Data Science capstone projects batch #25

by Ekaterina Butyugina

We want to take a moment to give a big shout-out to all the students who joined us in November and gave it their all to push through the course and capstone projects.

In just three short months, the incredible Data Science enthusiasts from Batch #25 in Zurich, along with the accomplished fifth cohort from Munich, admirably tackled a diverse array of challenging projects. Their outstanding skills and unwavering dedication were on full display. This time, a significant role in the students' success was played by HP who provided us with exclusive Z by HP workstations.

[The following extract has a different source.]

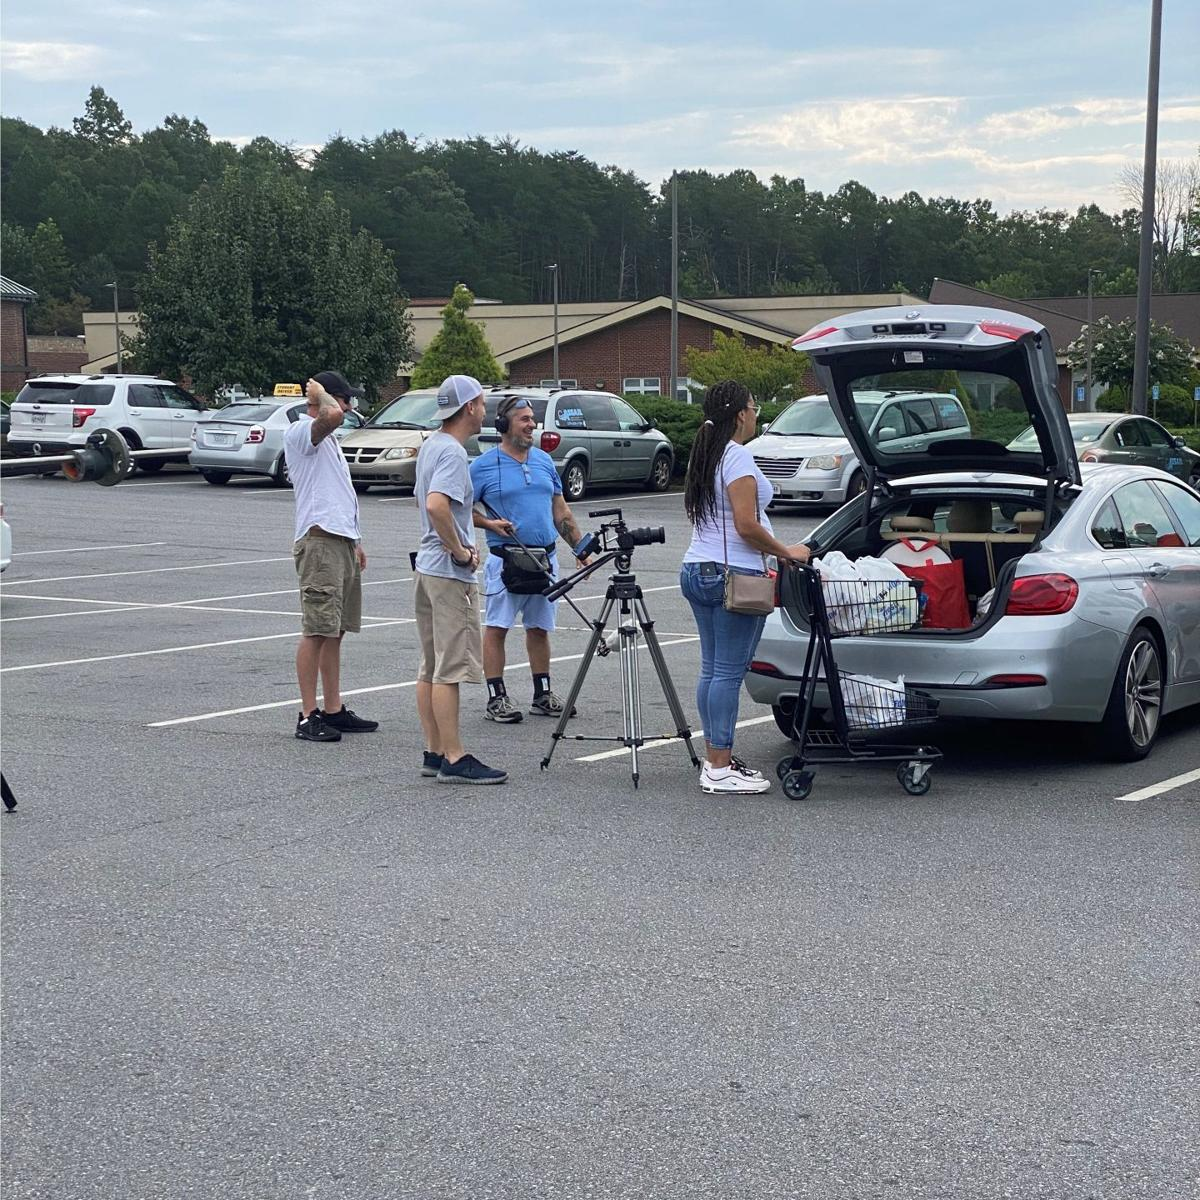 Sc parking lot filming
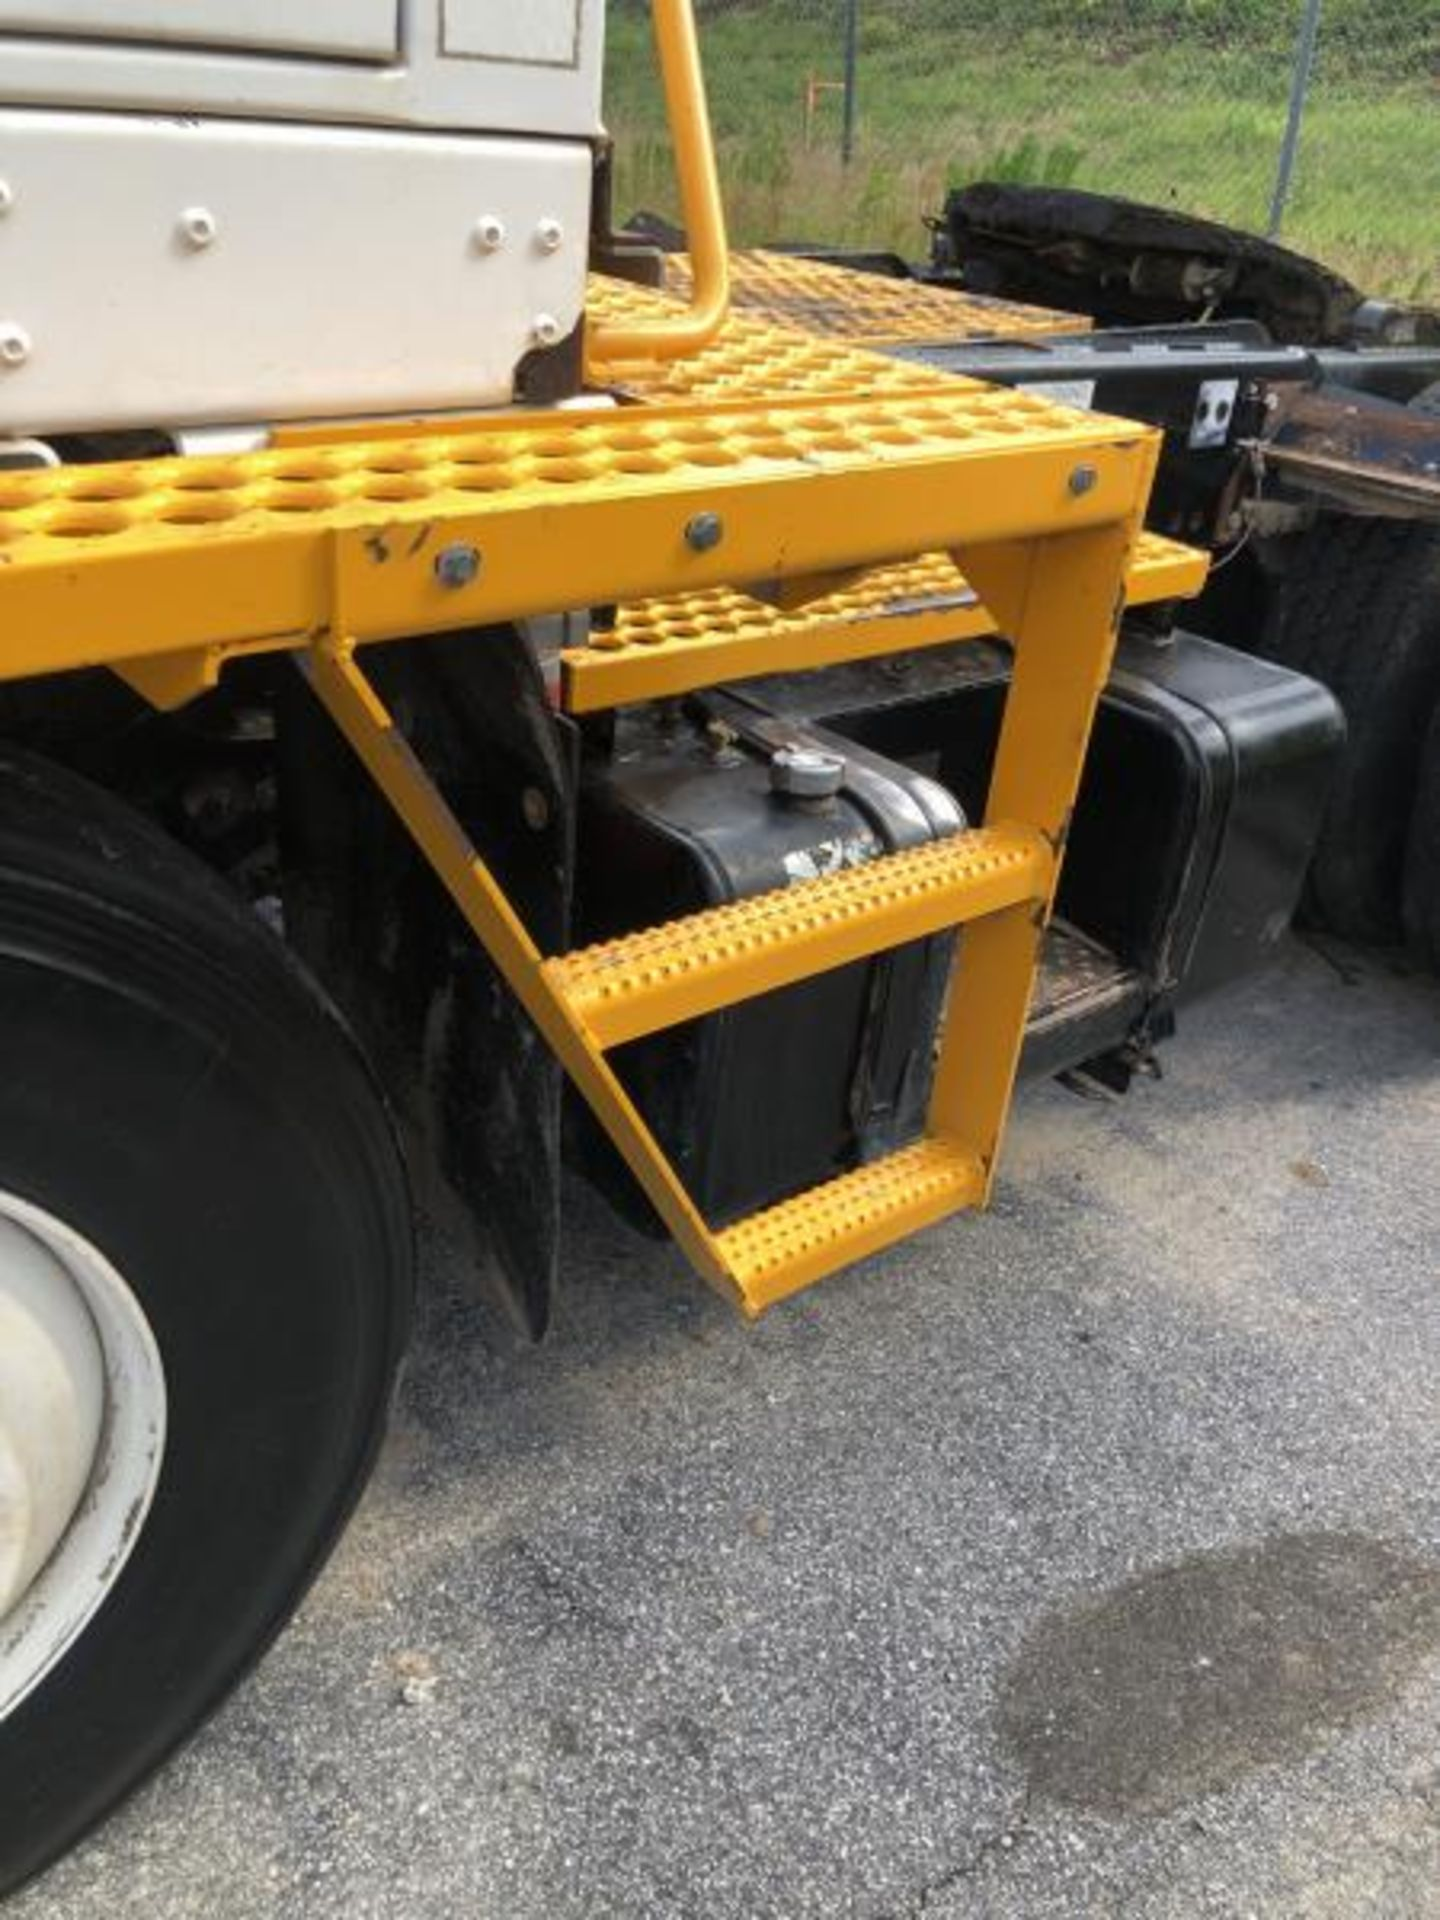 2015 Kalmar Ottawa 4x2 Yard Truck , SN: 338841 4,267.2 Hours, 1,683 Miles - Image 7 of 34

We encourage you to witness firsthand the transformative power of data science as they push boundaries, uncover insights, and drive meaningful impact.

AI-powered hotel ranking: streamlining your booking experience

Students: Asterios Raptis, Guillem Montoya, Kunal Sharma, Lorenz Schmid

Expedia Group, a prominent online travel agency, streamlines trip planning by providing a platform where users can compare prices, review amenities, and book accommodations through sophisticated recommendation and ranking systems. Consider a search for a "4-star hotel for three adults in Geneva in early May 2024." Without sorting options based on user-specified features like star rating or number of guests, a traveler might face hundreds of choices. This could extend search times and decrease bookings, countering the platform’s objective to simplify travel arrangements. This project aims to evaluate various machine learning models to efficiently prioritize the most relevant search results.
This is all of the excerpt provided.